Another object of the invention is to provide such dyes which can be 
degraded more effectively and discarded less expensively than many 
previous azo dyes. 
Yet another object of the invention is to provide such dyes which are less 
harmful to the environment. 
Another object of this invention is to provide azo dyes which can be 
degraded by microorganisms with less substrate specificity. 
Another object is to provide such dyes which are degraded by relatively 
common and genetically stable microorganisms that better retain their 
biodegradative capacity through successive generations. 
Finally it is an object of the invention to provide an improved method of 
treating azo dyes in which sulfonated azo compounds can be degraded. 
These and other objects of the invention will be understood more clearly by 
reference to the following detailed description. 
SUMMARY OF THE INVENTION 
A biodegradable dye compound is disclosed which contains an azo group 
having first and second nitrogen atoms linked to first and second aromatic 
rings. The first aromatic ring has a lignin-like substitution pattern that 
enhances biodegradability of the dye compound. The aromatic ring 
preferably has a substitution pattern that resembles a syringyl or 
guaiacyl moiety. In preferred embodiments, the ring has a first 
substituent R.sub.1 selected from the group consisting of hydroxy, lower 
alkoxy, or amino. In other embodiments, the ring further includes a second 
substituent R.sub.2 selected from the group consisting of hydrogen, alkyl, 
lower alkoxy and halogen. In yet other preferred embodiments, the ring 
includes a third substituent R.sub.3 selected from the group consisting of 
lower alkyl, lower alkoxy and halogen. In especially preferred embodiments 
R.sub.1 is para to the azo linkage. In other preferred embodiments R.sub.2 
is ortho to R.sub.1. In especially preferred embodiments R.sub.1 is para 
to the azo linkage and R.sub.2 is ortho to R.sub.1. 
Especially preferred embodiments of the dye compound have a first 
substituent R.sub.1 on the aromatic ring that is selected from the group 
consisting of hydroxy and lower alkoxy, a second substituent R.sub.2 
selected from the group consisting of lower alkyl and lower alkoxy, and a 
third substituent R.sub.3 selected from the group consisting of lower 
alkoxy and halogen. With three substituents attached to the first aromatic 
ring, especially preferred embodiments have R.sub.1 equal to hydroxy, with 
both R.sub.2 and R.sub.3 ortho to R.sub.1. Especially preferred 
embodiments have R.sub.2 and R.sub.3 as a lower alkoxy, or R.sub.2 lower 
alkyl and R.sub.3 lower alkoxy. The biodegradable dye also may comprise a 
plurality of azo groups linked to first, second and third aromatic rings 
such that the compound is a fully conjugated system, with the first 
aromatic ring having a hydroxy and lower alkoxy group attached thereto. 

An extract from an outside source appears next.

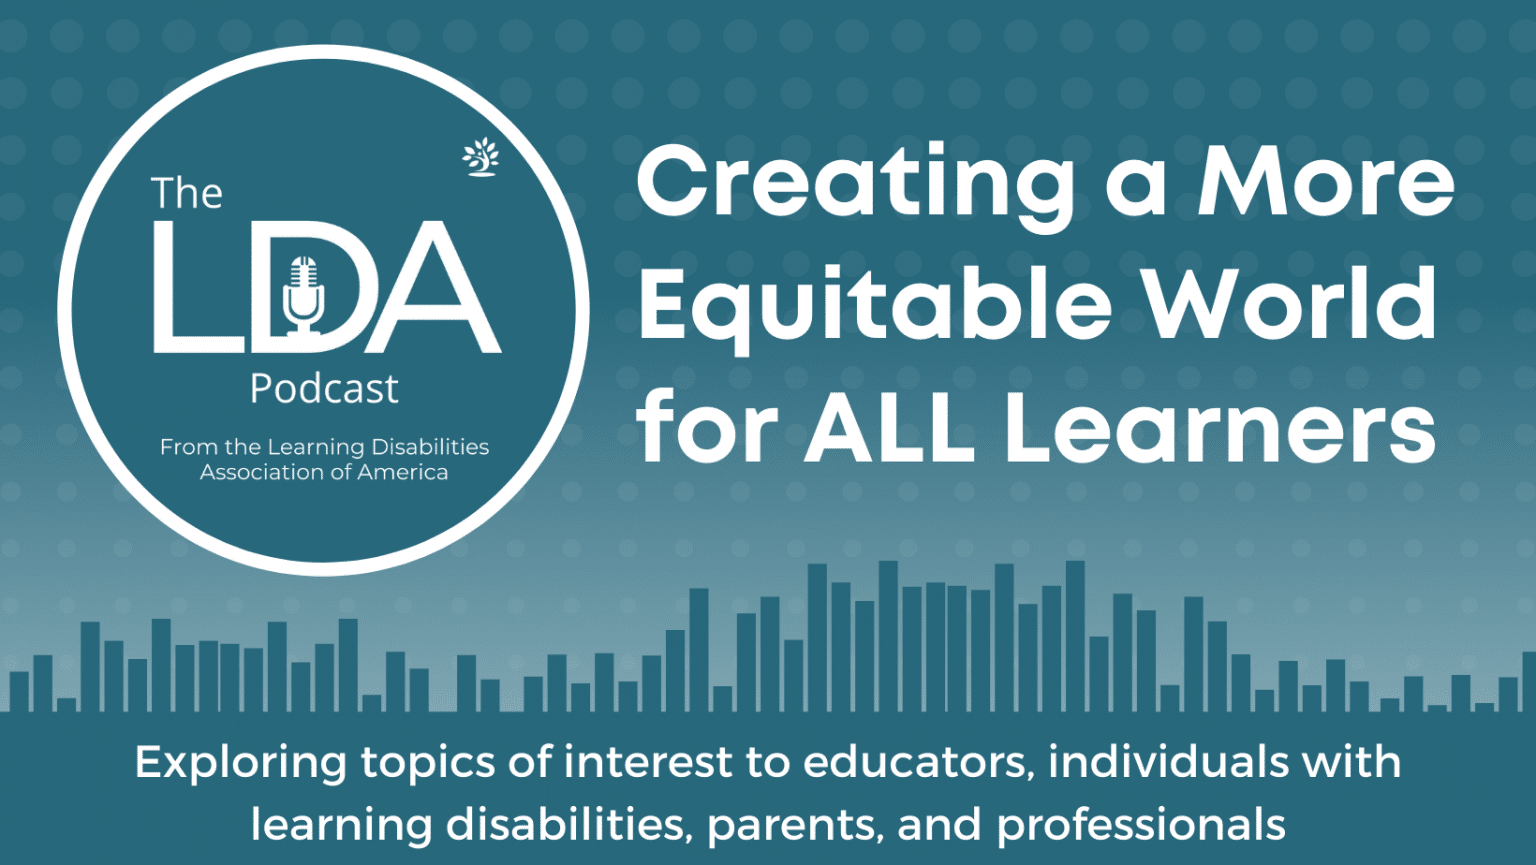 LDA Podcast Title Page, blue background and text stating "Creating a More Equitable World for ALL Learners"

These and other compounds can be included in a biodegradable composition in 
which azo dyes according to the present invention are combined with an 
environmentally common microbe capable of degrading the azo dye. A wide 
variety of microorganisms efficiently degrade these dyes, especially 
microorganisms in the soil microflora. Particularly useful are a wide 
variety of Streptomyces species and strains of specific Streptomyces 
species found in soil and elsewhere. Examples of two aerobic 
microorganisms which have been shown to degrade the dyes of the present 
invention are several soil Streptomyces species and the fungus 
Phanerochaete chrysosporium. When used in combination with Streptomyces, 
biodegradation is most enhanced in the disclosed embodiments when R.sub.1 
is a hydroxy group para to the azo linkage, particularly if R.sub.2 is 
ortho to the hydroxy group, and more particularly if R.sub.2 is ortho to 
the hydroxy group and is an electron-releasing group, such as lower alkyl 
or lower alkoxy. 
Biodegradation with Phanerochaete chrysosporium is particularly enhanced in 
some embodiments wherein R.sub.1 is hydroxy para to the azo linkage and 
R.sub.3 is absent, especially if R.sub.2 is a group that does not have a 
high degree of steric hindrance. Methyl, methoxy and halogen are examples 
of small groups with a low steric hindrance. The presence of R.sub.3, 
however, can greatly enhance biodegradation in some embodiments wherein 
R.sub.1 is a hydroxy group para to the azo linkage, and R.sub.2 and 
R.sub.3 are both ortho to R.sub.1. Biodegradation is also enhanced if 
R.sub.2 and/or R.sub.3 are electron-releasing substituents such as lower 
alkyl or lower alkoxy. This enhanced biodegradation is observed with 
R.sub.3 present even in embodiments wherein R.sub.1 is not para to the azo 
linkage. 
With compositions according to the present invention, azo dyes having 
lignin-like substitutions are converted to CO.sub.2. Furthermore, 
commercially available azo dyes can be substituted with lignin-like 
substituents, such as guaiacol-like or syringyl-like functional groups, 
without interfering with the dye characteristics of the compound. 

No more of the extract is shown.